Q: You have written both fiction and non-fiction (link to books on Amazon).  Can you tell us a bit about why you moved towards writing fiction?

A:  My very first book, published by Century (Random House) in 1987, was a novel. I had no idea what I was doing! The basic story was good though, and I have re-written it this year and it came out in early November. It’s called In Honour Bound. I wrote it when I was still a television presenter. I just assumed I would write more fiction, but becoming an agony aunt, and a psychotherapist propelled my career firmly into self-help territory and there was always a book being commissioned by someone, or a column to write, so fiction just kept being pushed out of sight and out of mind. It was only in my late sixties, with that big birthday looming, that I actually thought that if I didn’t get back to writing fiction soon, I might run out of time!

Q:  Your characterisation is wonderful, for the time I was reading I felt like I had friends who were also going through change in their fifties.  How have you handled change in your own life?

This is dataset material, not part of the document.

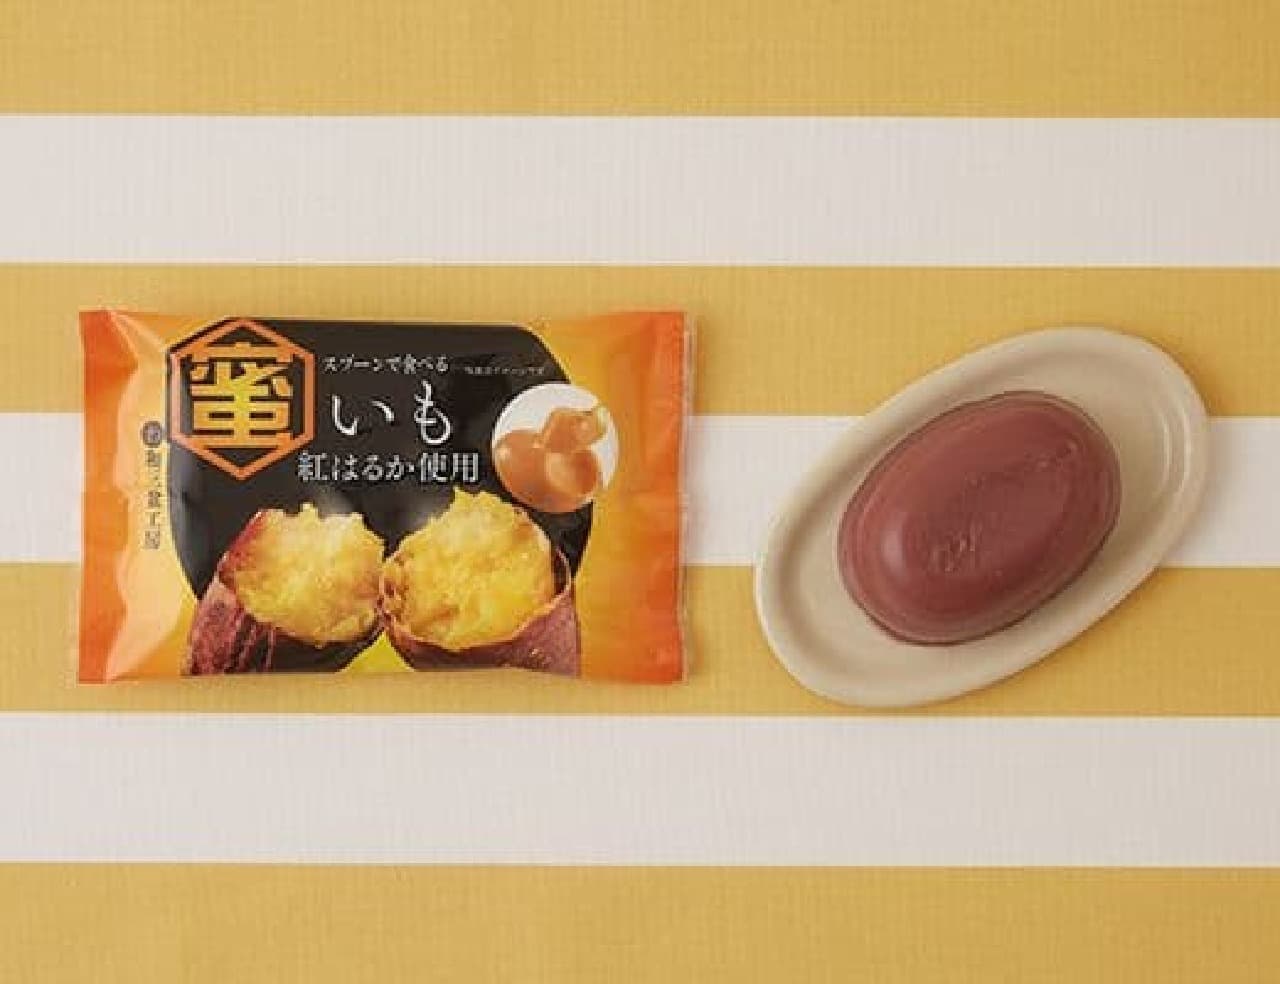 LAWSON "Tokushima Sangyo Spoon-eat Honey Imoimo with Red Haruka 70g".

A:  Ooh, well I am quite pragmatic. I also am lucky in that I was born with lots of energy, which I still have. I think I just need to get on with things. Certainly, dealing with the change of being a single woman again – after over thirty years being joined at the hip to Lovely Husband – has been a challenge, but I have found that being as busy as possible is essential for me. Though of course you do need to allow your emotions to take over sometime. Tears have to be shed. But I do that privately.

Q:  I loved the thread in the book which highlighted how we can be inspired by a mentor in life, and of course be an inspiration.  Who is your inspiration?

A:  I have had so many people who have inspired me. I’d like to give a big shout out to teachers here. So often, they open up a world to us that our parents are not part of, or don’t want us to venture into. I can think of three teachers who changed my life. I also had a mentor in the shape of a psychiatrist and writer. His name was Jack Dominian. He taught me a huge amount and supported me at a time when life felt very difficult. But I draw inspiration from all sorts of people. I was watching a documentary on the artist Tracey Emin the other day. She said something about spirituality and layers of time-zones overlapping. And I found that inspiring. You can find inspiration all over the place. I think the thing is to make sure you’re ‘curious’. When you are, your mind is alert and you can learn stuff from the unlikeliest sources.

Q:  I have often written about the importance of friendship on my blog.  This was such a wonderful plot throughout the book.   Can you tell us what friendship means to you?

I think we need our friends more and more as we age. And writing It’s Who We Are explored that theme as you know. The most wonderful comments I’ve had about that book have come from people who said that they felt they knew and understood those characters and they’d like to make friends with them themselves! I loved that. Friendship is so enriching and vital to us. Did you know that scientists believe loneliness is as bad for our health as smoking? Real friends for many of us are more relevant and supportive to us than our families. I’m not saying that is necessarily a good thing, but it’s true for lots of individuals. Now that I am alone, I am going to move back to Norwich, which is where I had my full-time television news presenting job. I had masses of friends there. It was a very sociable company, and most of those people never left that part of the country. Also, I met my husband there when I booked him to be on a television programme with me. The good pals from that time – going back forty years – are my real, core friends. And I reached out to them – and they supported me wonderfully  – during David’s illness and death. I am going back to live among them. And I know this is absolutely the right thing for me to do. 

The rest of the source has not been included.